An interesting tangent came up here: moving the VC smarts from the worker to the master. There are several possible approaches here: continue to use buildbot on the worker side, with the master telling the worker to run 'git this' and 'svn that'; or replace the PB connection with a simpler, non-Python-specific protocol that could be implemented with minimal worker-side requirements (e.g., http://github.com/djmitche/remsh/). It would be possible to implement the latter in a "transitional" fashion, so that remsh workers could act just like regular buildbot workers, without running buildbot/twisted/python on the worker side.

We briefly touched on the idea of "splitting" buildbot into a master (requiring Jinja, Sqlite, etc.) and a worker (with minimal requirements).

Expanded Notification Framework

It would be nice to see the various status listeners use a common filtering mechanism to decide which changes are important, and perhaps even a common formatting mechanism to describe those changes. Nice, but nobody spoke up to work on this.

Logging

Chris has already added a good deal of optimization to the log-handling code, and while some were surprised and excited to find out about this, I didn't hear any suggestions of new features to be added here.

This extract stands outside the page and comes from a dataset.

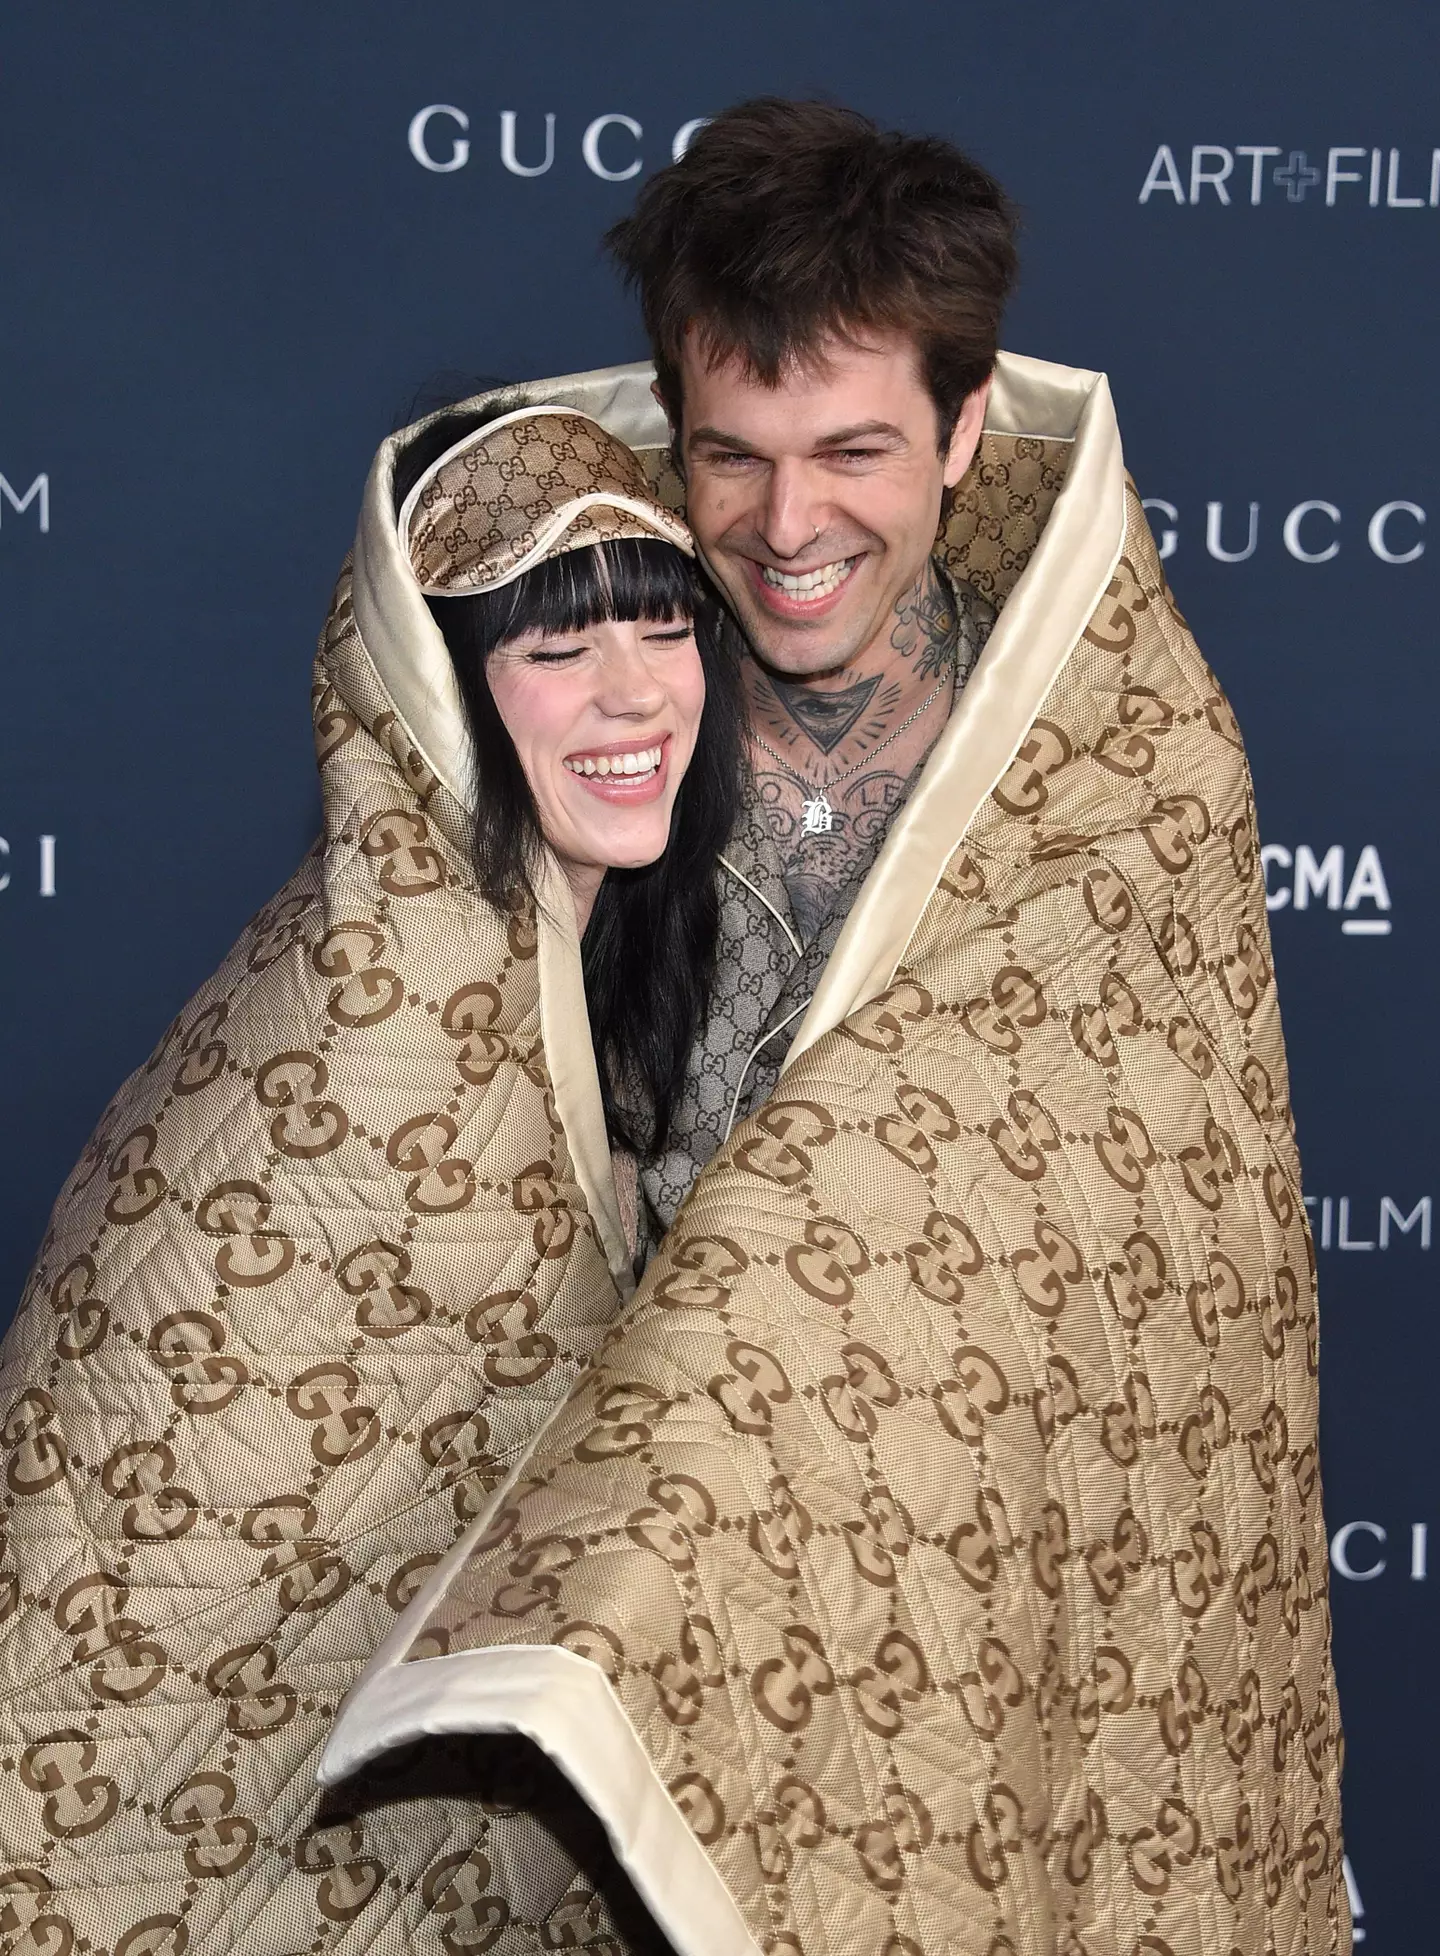 Billie Eilish and Jesse Rutherford were confirmed to be dating back in October.

Community Supplied Workers

A few ideas were suggested to make it easier for a buildmaster admin to manage a set of community-supplied workers (see above). Nobody spoke up to work on these ideas, though. As I understand it, most of the organizations using Buildbot supply their own workers.

Tests

I failed utterly to mention this during the meeting, but Buildbot's tests are lacking, and it's my fault. So I'll fix those up.

Releases

Going into this meeting, I hoped to get a small scope set for 0.8.1, and then make the release when those features were done. I was convinced, instead, to plan a release when each feature gets merged. John O'Duinn referred to this as a "short cadence" - a phrase I like! The list of adopted projects is, roughly and with no authority:

  • master shutdown - mozilla
  • build database {33}/{29} - mozilla
  • build coordination {34} - zmanda
  • multi-project {35} - zmanda
  • windows {17} - ?? + mozilla workers
  • tests - dustin

0.8.1 will be released when any one of these (or anything else, really) is completed.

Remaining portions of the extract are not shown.